1. A biogas fermentation process with methane in-situ enrichment function, characterized in that the anaerobic reactor is connected with a decarburizer, extracting the fermented liquid in the anaerobic reactor and spraying it to the decarburizer to remove the fermented liquid CO ₂ , the decarbonized fermentation broth is returned to the anaerobic reactor to continue anaerobic fermentation to generate biogas. Most of the CO ₂ in the produced biogas is dissolved in the decarbonized fermentation broth, and in the fermentation broth CH ₄ with extremely low solubility is released from the upper part of the anaerobic reactor, eventually forming biogas with a CH ₄ concentration greater than 85%.

2. The biogas fermentation process according to claim 1, characterized in that said anaerobic reactor is a wet anaerobic reactor.

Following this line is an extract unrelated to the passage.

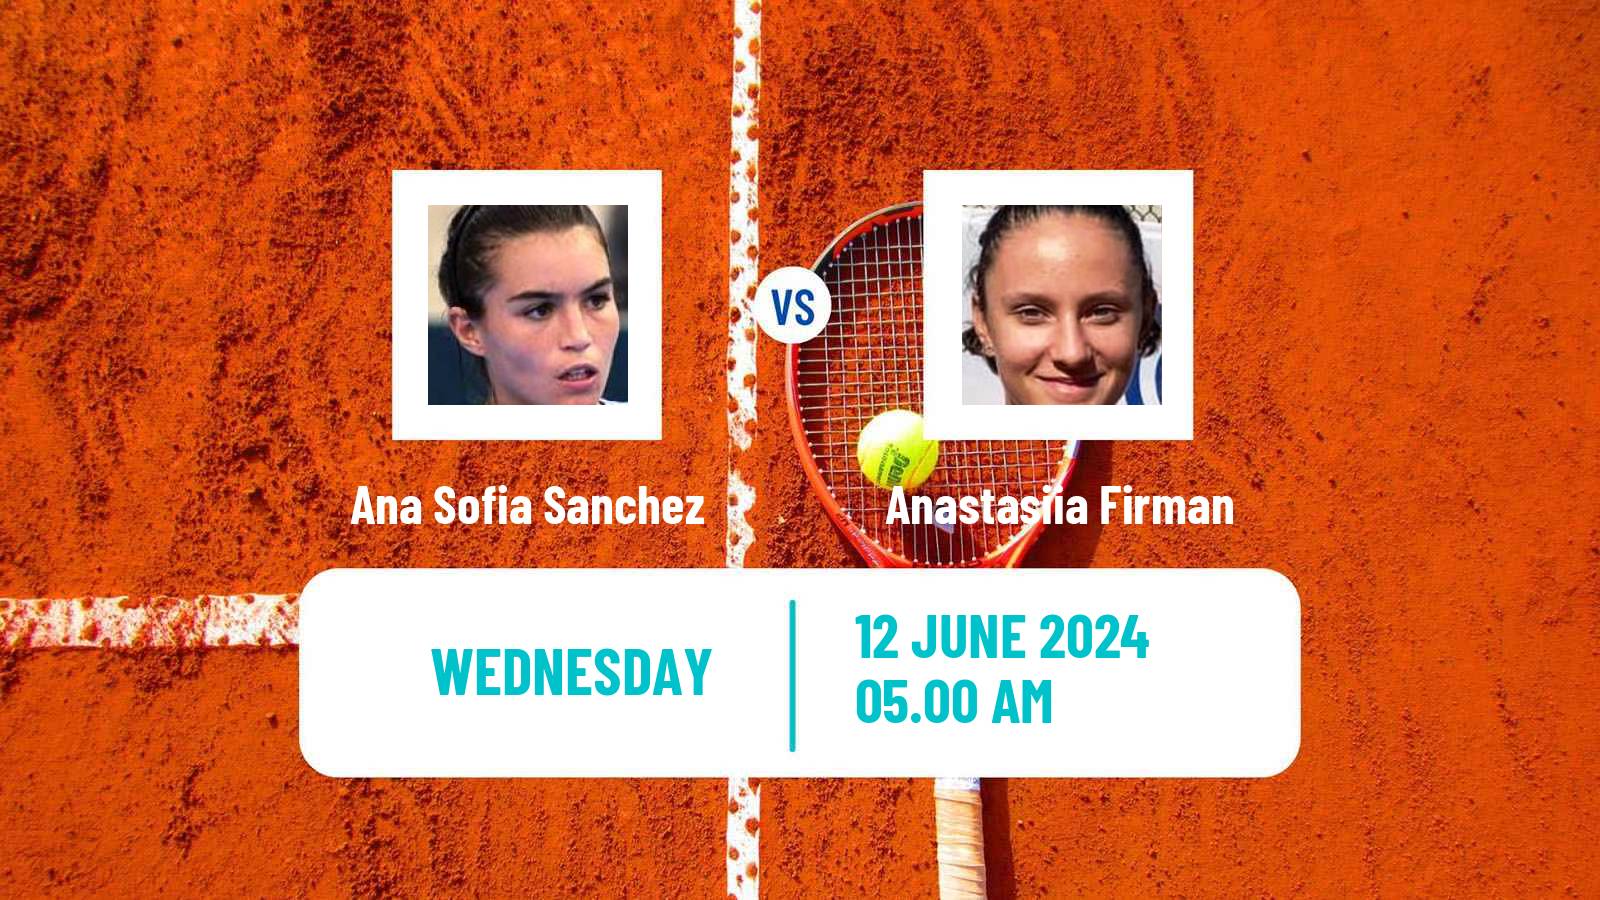 Tennis ITF W35 Gdansk Women Ana Sofia Sanchez - Anastasiia Firman

3. The biogas fermentation process according to claim 1, characterized in that the fermentation raw material used in the anaerobic reactor is one of organic wastewater, fecal sewage, food processing waste, straw, grass, and urban sludge. species, two or more.

4. The biogas fermentation process according to claim 1, characterized in that the decarburizer is one of a vacuum decarburizer or a blower decarburizer.

5. decarburizer according to claim 4, is characterized in that the blast volume of described blast type decarburizer makes the dissolved oxygen amount that enters anaerobic reactor with reflux fermented liquid be less than 40mg/(L _reactor . d).

6. The decarburizer according to claim 4, characterized in that the blast decarburizer has the function of completing the hydrolysis of solid fermentation raw materials to produce acid.